▸ **ACTIVITY**:
Using the records below, transcribe word for word the stretch from the line that contains "A Viral Immunoevasin" through the line that contains "Pictured Rocks National", both end lines included, and nothing else.

▸ **DATASET EXCERPTS**:
┌──

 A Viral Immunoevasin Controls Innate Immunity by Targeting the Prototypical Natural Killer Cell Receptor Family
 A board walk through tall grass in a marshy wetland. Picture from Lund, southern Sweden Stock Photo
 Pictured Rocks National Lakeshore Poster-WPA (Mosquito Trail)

└──
┌──

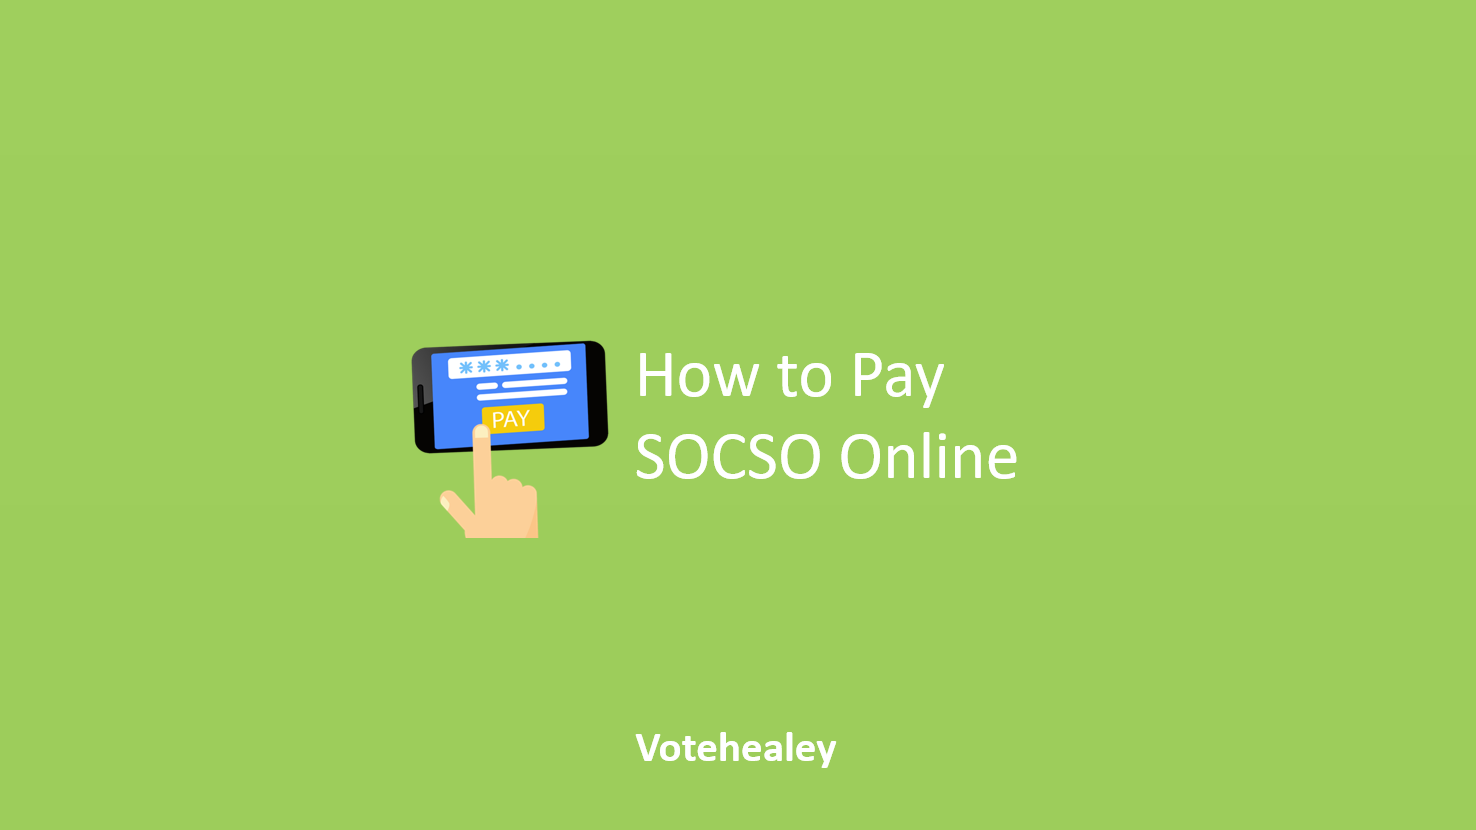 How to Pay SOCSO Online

└──
┌──

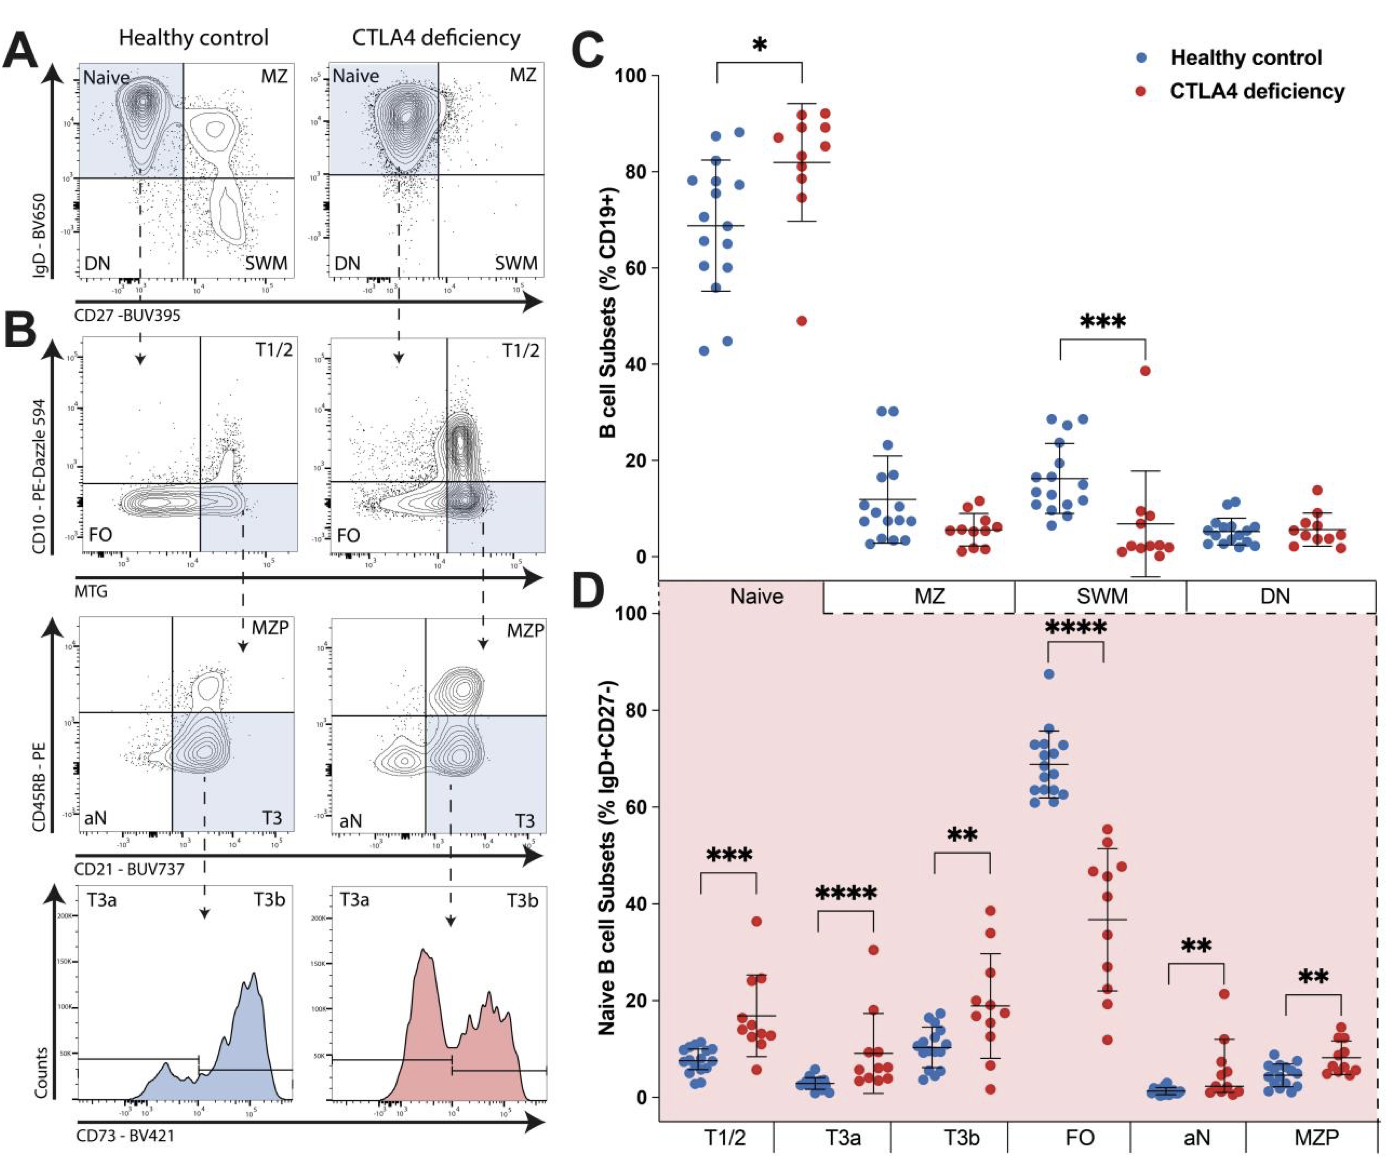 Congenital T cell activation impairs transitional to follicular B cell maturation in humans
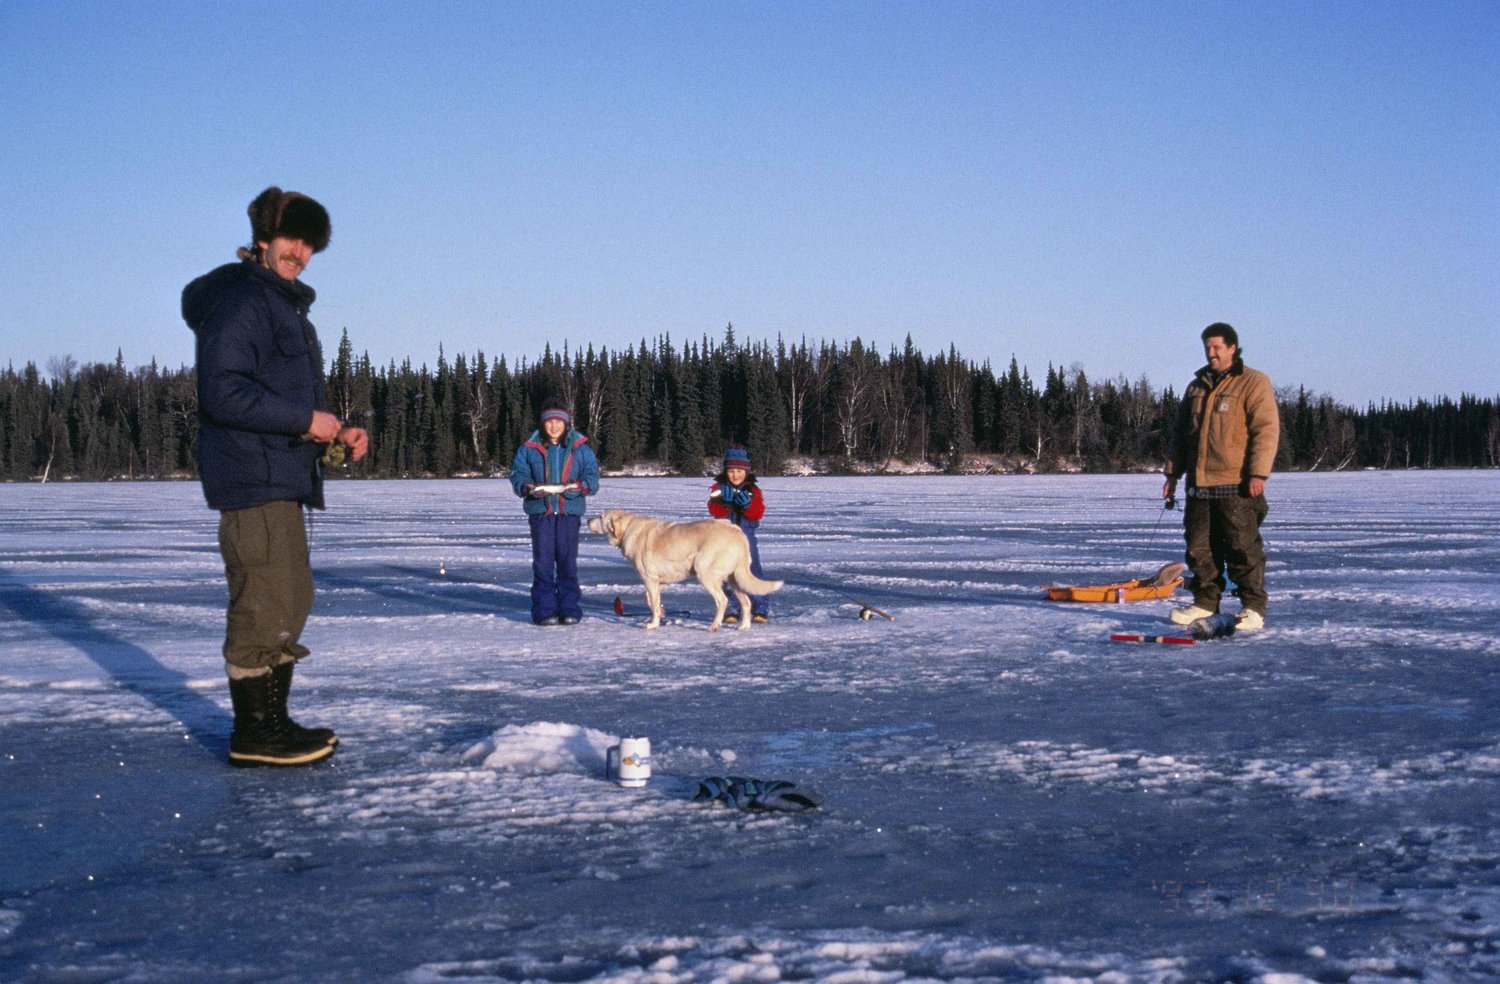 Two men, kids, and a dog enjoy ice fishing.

└──

▸ **REPLY TO THE TASK**:
 A Viral Immunoevasin Controls Innate Immunity by Targeting the Prototypical Natural Killer Cell Receptor Family
 A board walk through tall grass in a marshy wetland. Picture from Lund, southern Sweden Stock Photo
 Pictured Rocks National Lakeshore Poster-WPA (Mosquito Trail)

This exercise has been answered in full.